The 'genius from the lake', Joseph Ouma Muga, slowly ebbed away in a discreet hospital in the outskirts of the city he rattled in his heydays.
And then on Friday, as the nation’s attention was focused on his neighbouring county of Migori, he made the final bow, leaving behind a trail of imprints in the nation’s history.
Born in Homa Bay eons ago, the man was a shadow of his former self by the time photos of his gaunt looking frame were sneaked out by overzealous friends who thought he was getting a raw deal for his stature.
To authenticate the photos, we maneuvered through protective family layers to find the research maestro in deep slumber in Kikuyu Presbyterian Hospital’s private ward, watched over by relatives.
As an admirer concerned about the professor’s health, the relatives let me in on condition that I allowed him to sleep undisturbed.
In my eyes, the hailed man of books looked wasted by disease and was deserving of higher attention.
“It is running to three weeks since he was brought here hardly walking, his leg swollen as a result of stubborn diabetes,” explained a nephew, Paul Ogema.
“But his condition has improved now and he is doing some walking. He is pulling through well”. I was told Prof Mugahad been grappling with hypertension, but that has been controlled. What really put him down was diabetes.
“He did not sleep well last night, that is why we do not want his sleep to be interrupted,” Ogema said.
A bottle of what looked like intravenous fluid hung suspended over his bed. Pained by his state, I excused myself, promising to return.
It was difficult to fathom this is the same man who wowed his rural backyard in Kochia, Rangwe sub-county, Homa Bay County, where he was MP for seven years. With an ornate house perched atop a hill overlooking Lake Victoria at a time such mansions were a rarity in the neighborhood and beyond, the man was riding high.
The allure of his trademark beards was gone, his achievements in politics and academia all collapsed in the vanity that is life’s exploits.

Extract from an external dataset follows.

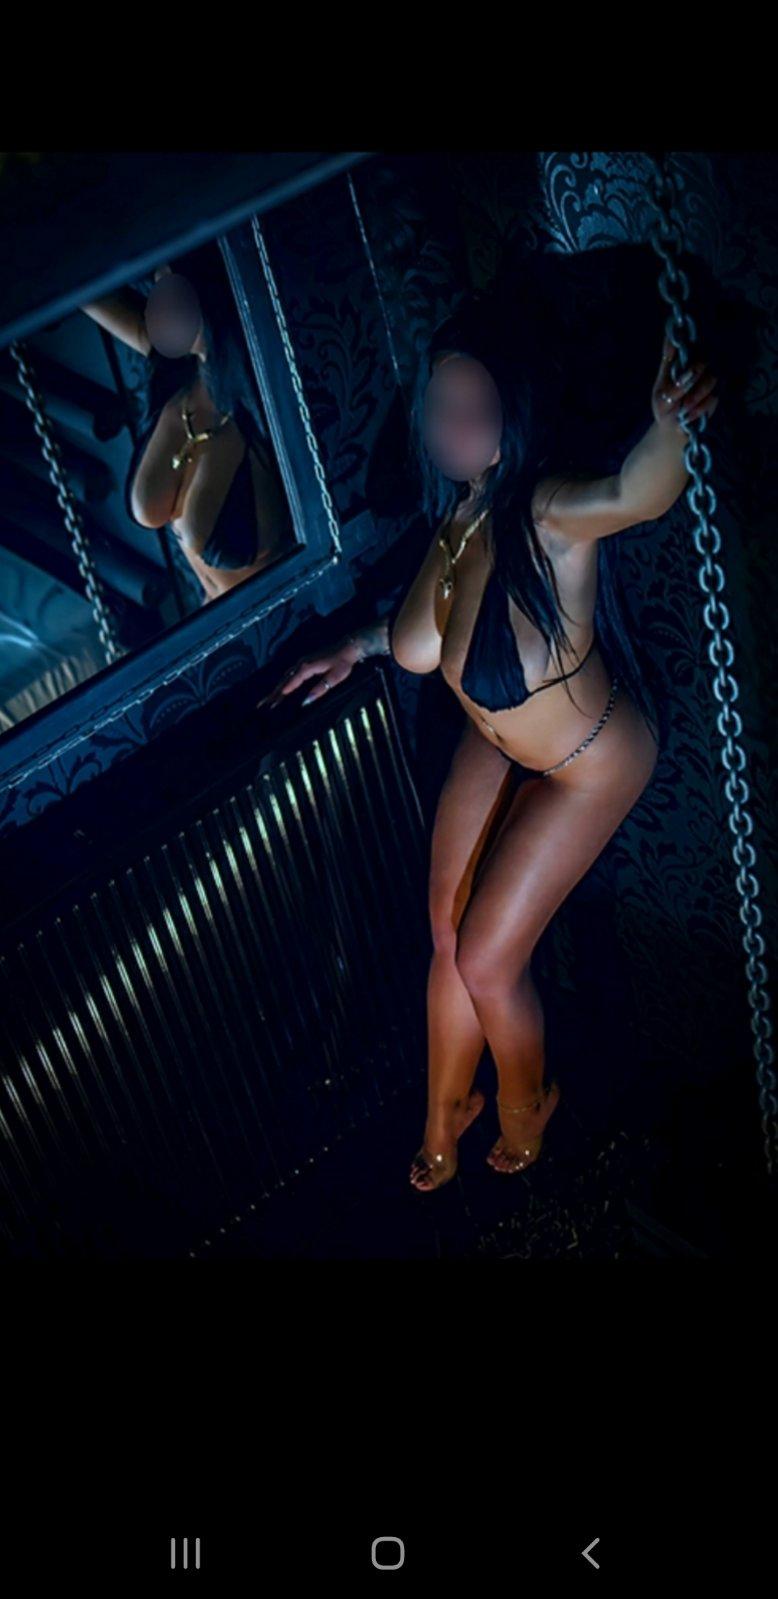 vip-escort-girl Morena

Born in Rangwe, Muga’s genius personality ran in tandem with his controversies. His name was roped into the failed 1971 coup against President Jomo Kenyatta and he was jailed for it.
At the time, he was teaching at Makerere University in Uganda, then a citadel of higher learning in East Africa.

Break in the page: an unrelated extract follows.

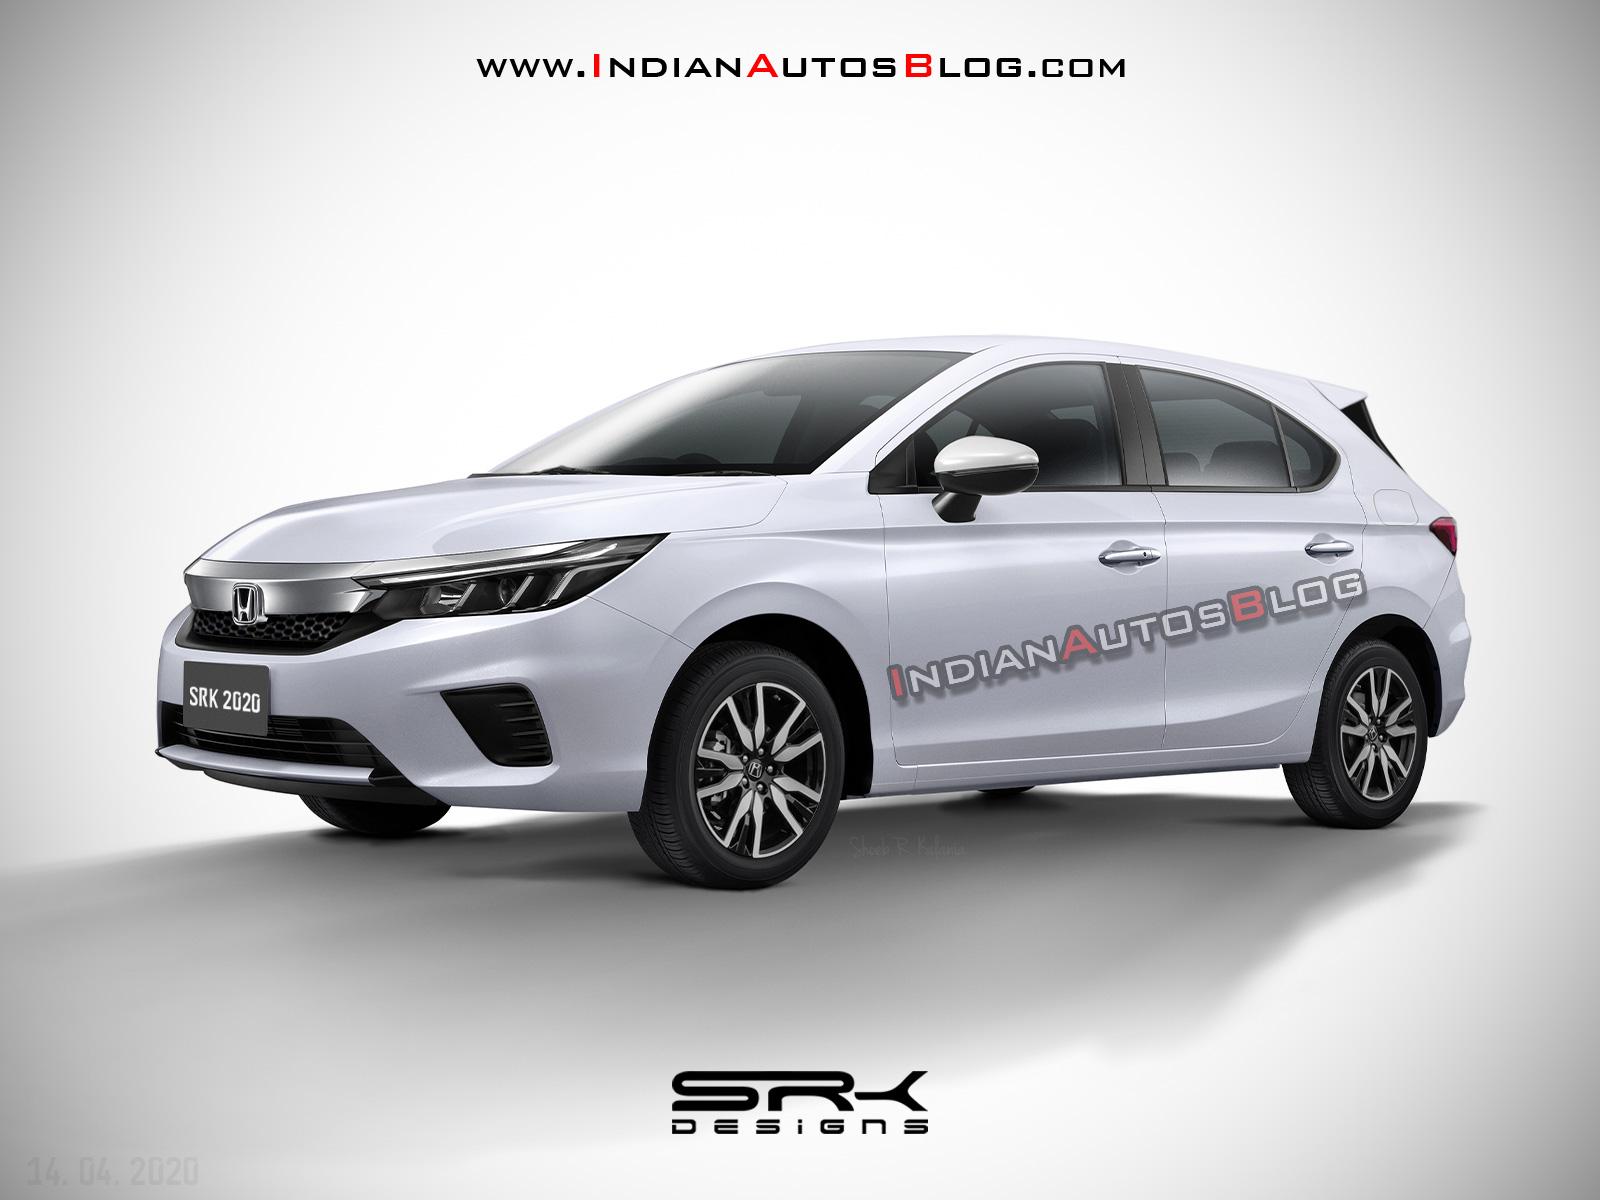 2020-honda-city-hatchback-white-front-rendering-f8b5

In the 80’s and with a new man at the top, Muga bounced back from the “coup plotter” status, winning the Rangwe parliamentary seat and earning a slot as assistant minister for Propaganda and National Guidance in President Daniel arap Moi’s cabinet.
But his stint in Cabinet turned out to be a quickie of sorts for the man was sacked for allegedly boasting that he was the brains behind President Moi’s acclaimed Ozone Layer speech in Rio de Janeiro, Brazil, in 1989.
Thrown out, he cast his lot with Second Liberation struggle and in 1992, he returned to Parliament on Jaramogi Oginga Odinga’s Forum for the Restoration of Democracy (Ford-Kenya).
When Jaramogi died, and Michael Wamalwa was entangled in wrangles with Raila Odinga over party leadership, Muga took to Wamalwa’s side.
This decision would cost him dearly as he lost the Rangwe seat in the 1997 elections to Shem Ochuodho, never to capture it again.
His fall was inversely proportional to Raila’s rise to the top and dominance of not only Luo but national politics.
For the next two decades, Muga moved to the background and slowly faded away. Known to speak his mind freely, intimidation was never in his vocabulary.
At a funeral in his Kochia village courtyard in 2006, Mugasurprised all and sundry with his public assertion that Raila would not clinch the presidency in 2007, stoking public uproar that saw him branded a mad man by a former Chairman of the Luo Council of Elders.
But fate was to vindicate him when Raila lost to Mwai Kibaki in contested elections deemed to have been stolen in favor of the latter.